• _What is required_:
An exact copy of all the data, minus the images, is required.

• _Dataset excerpt_:
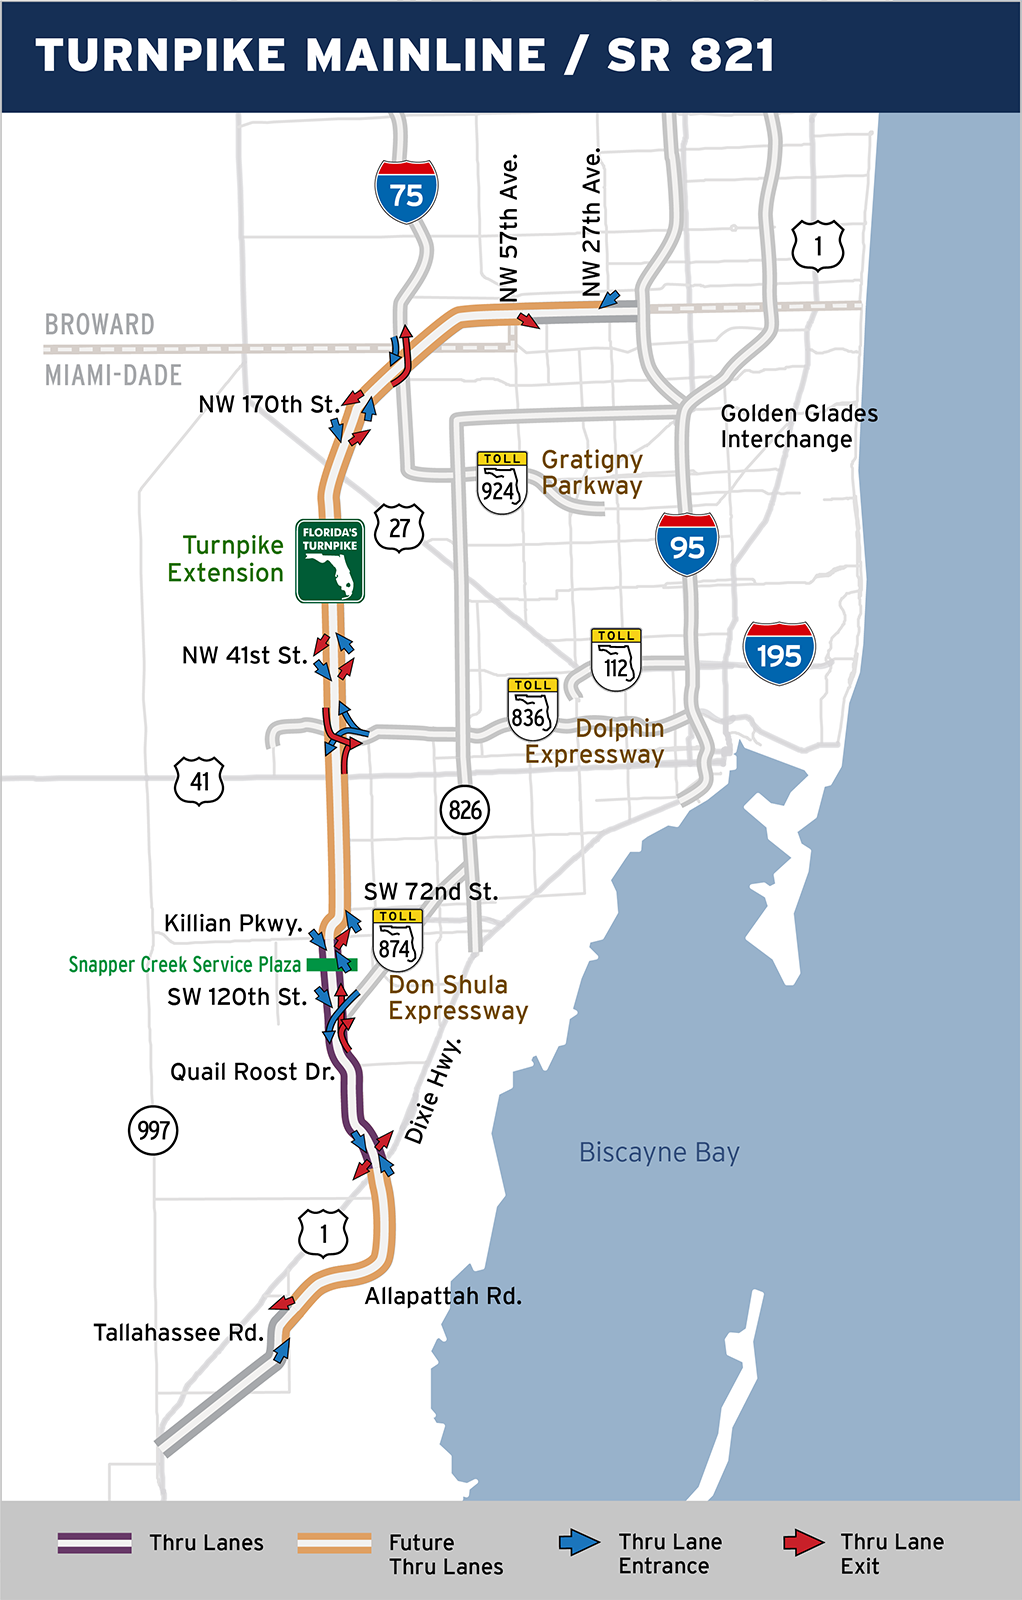 Turnpike Mainline / SR 821 – Florida's Turnpike
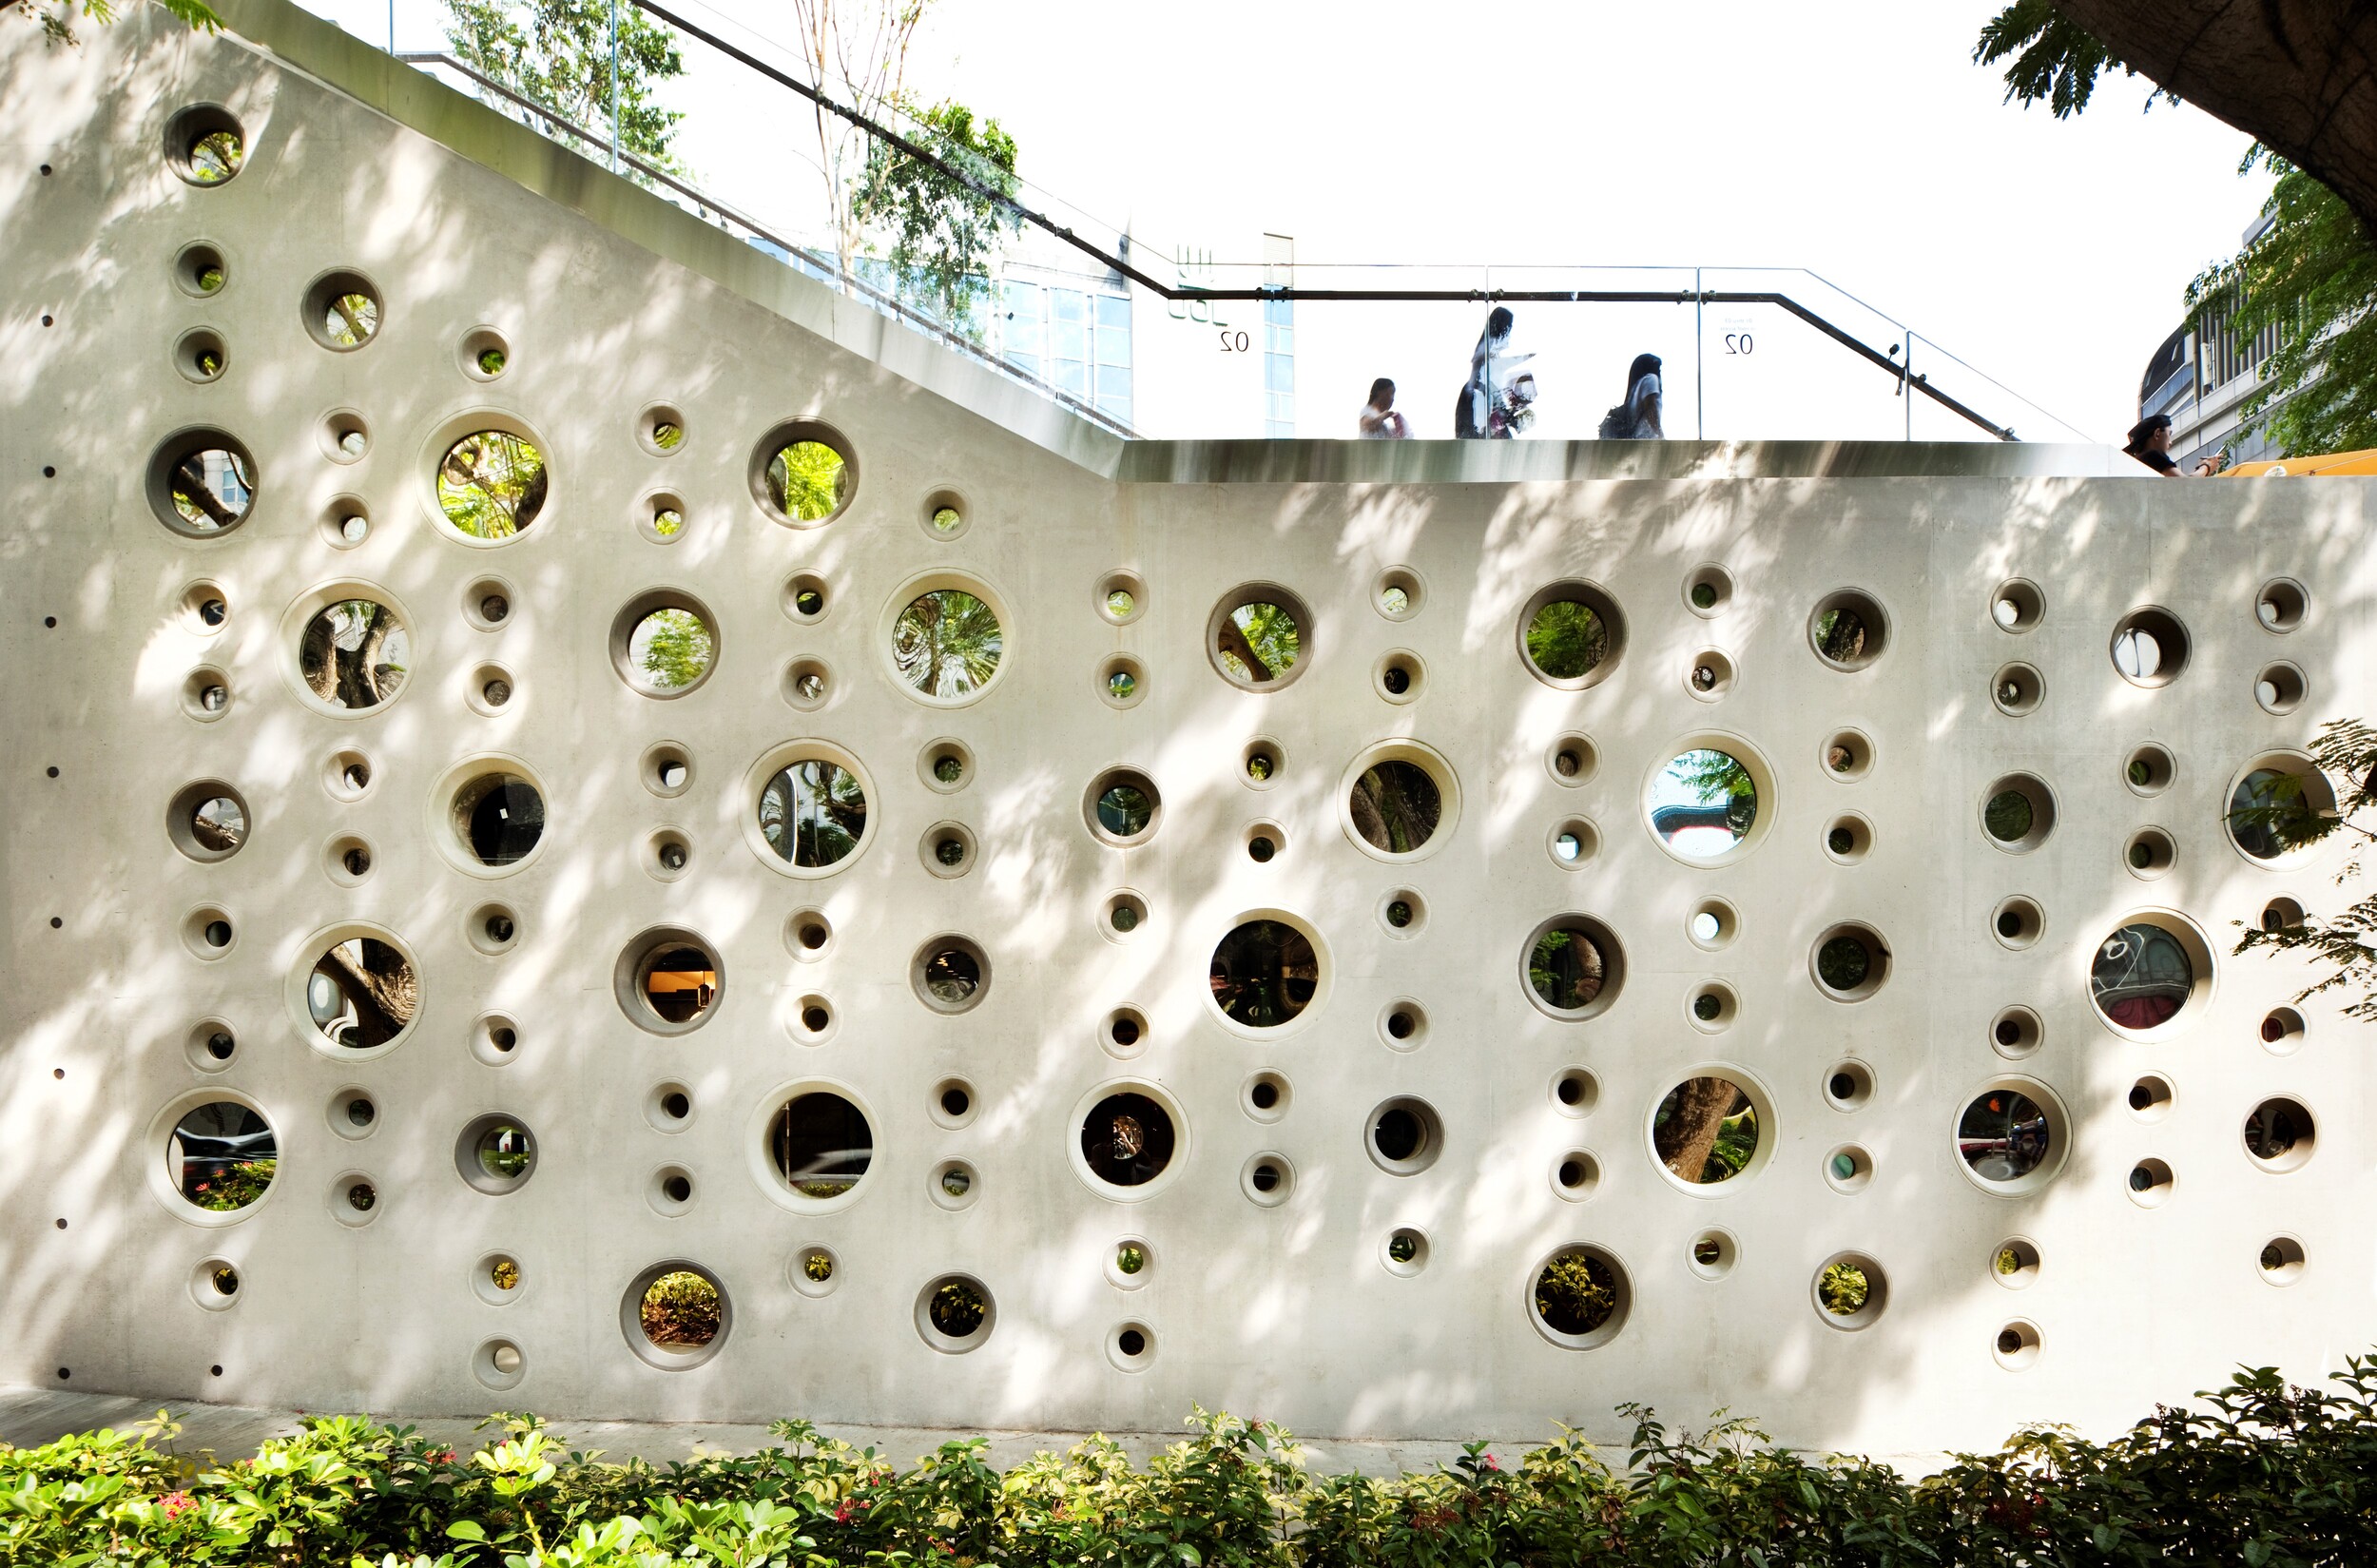 布滿圓形孔洞的混凝土牆， 建構出窺探創作的設計意趣。
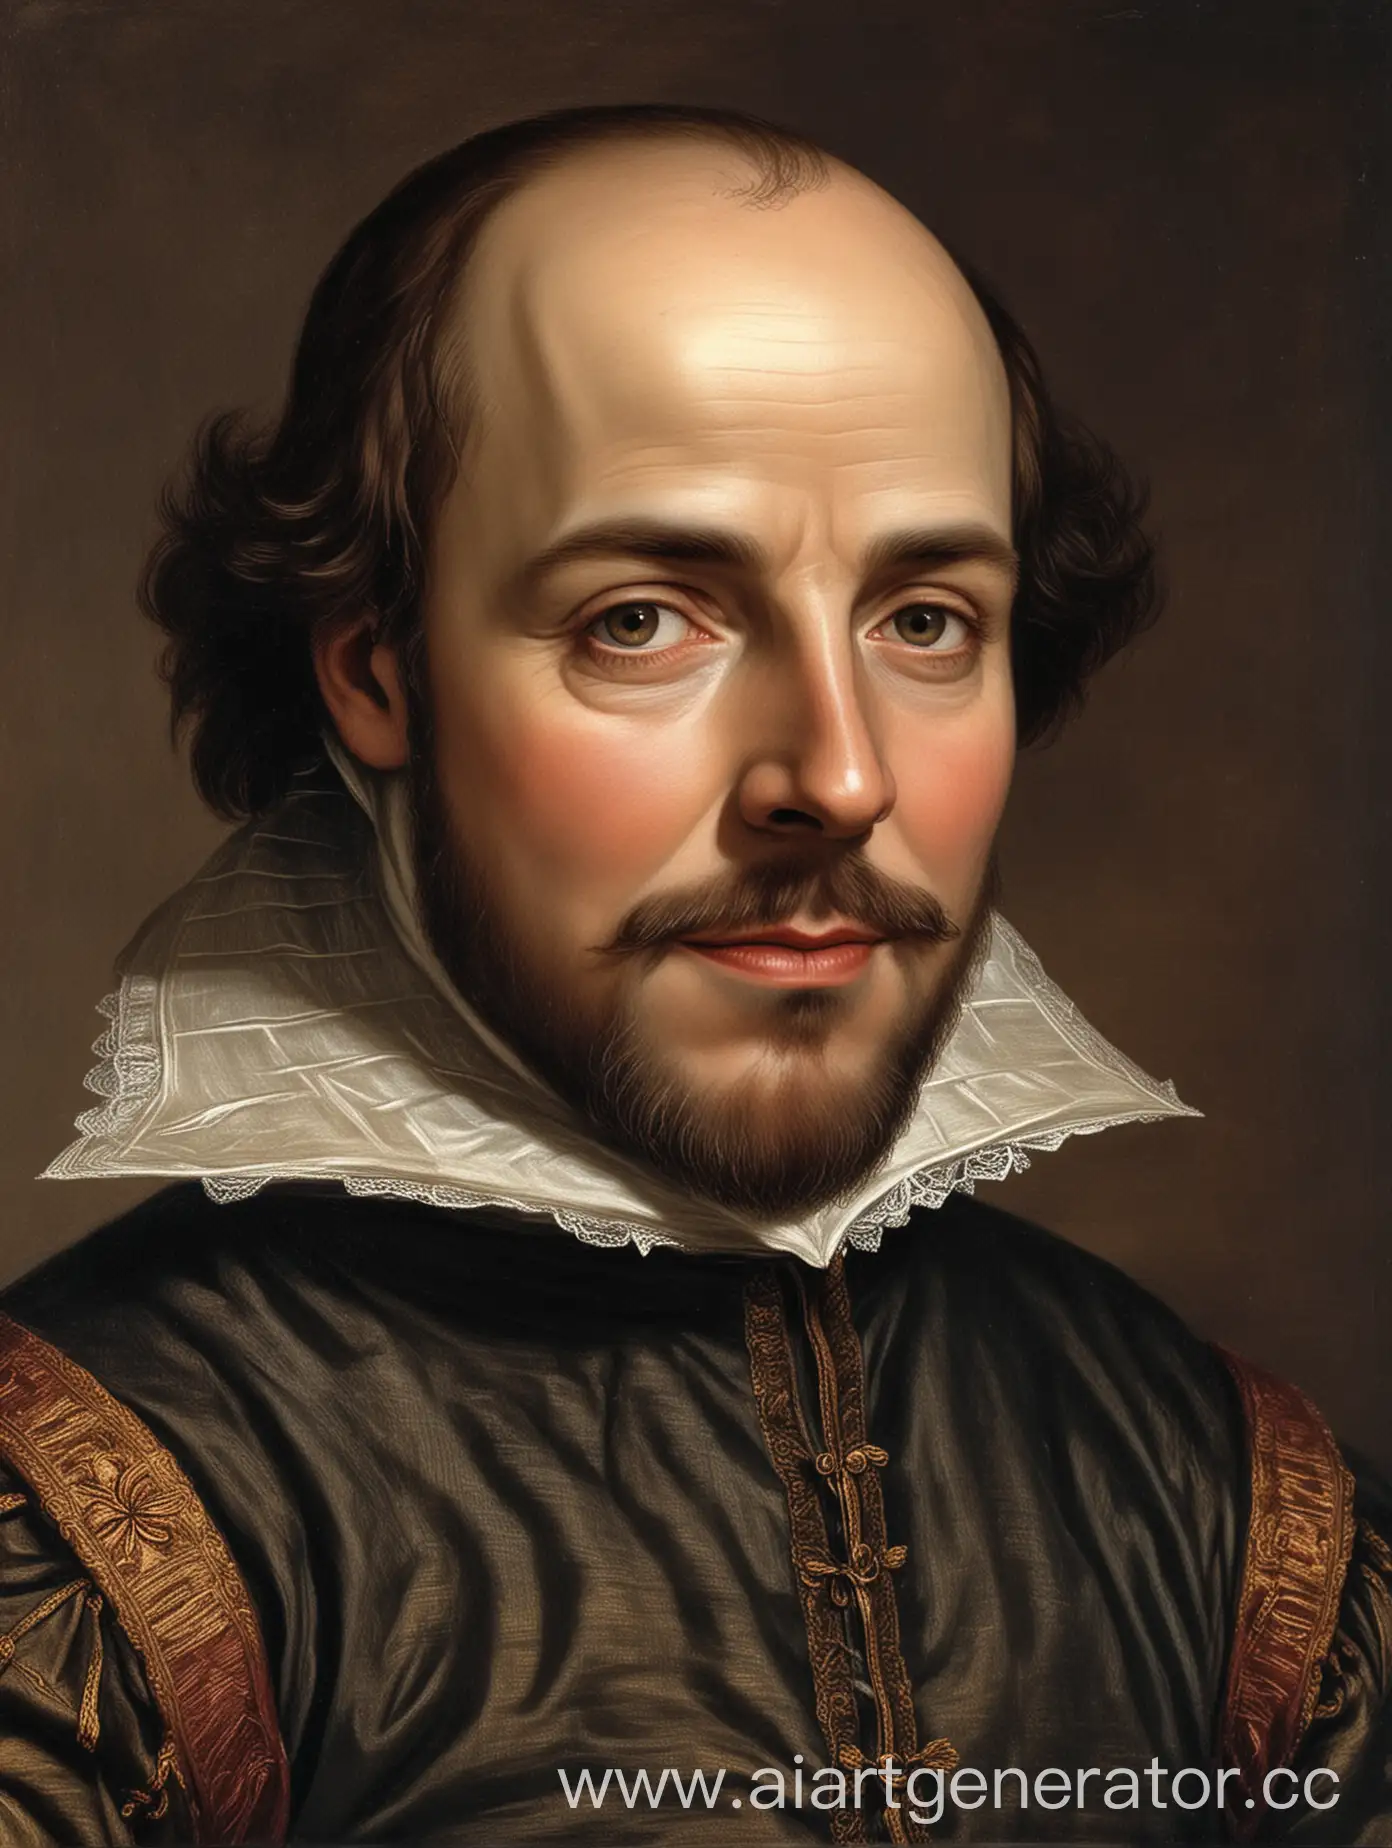 Шекспир родился в 1564 году в Стратфорде на Эйвоне, и его жизнь была полна творчества, которое оставило неизгладимый след в истории литературы. Его пьесы, такие как "Ромео и Джульетта", "Гамлет", "Отелло" и "Король Лир", до сих пор вызывают восхищение своей глубиной и актуальностью, ведь в них раскрываются универсальные темы любви, власти, предательства и справедливости.

• _Exercise response_:
 Turnpike Mainline / SR 821 – Florida's Turnpike
 布滿圓形孔洞的混凝土牆， 建構出窺探創作的設計意趣。
 Шекспир родился в 1564 году в Стратфорде на Эйвоне, и его жизнь была полна творчества, которое оставило неизгладимый след в истории литературы. Его пьесы, такие как "Ромео и Джульетта", "Гамлет", "Отелло" и "Король Лир", до сих пор вызывают восхищение своей глубиной и актуальностью, ведь в них раскрываются универсальные темы любви, власти, предательства и справедливости.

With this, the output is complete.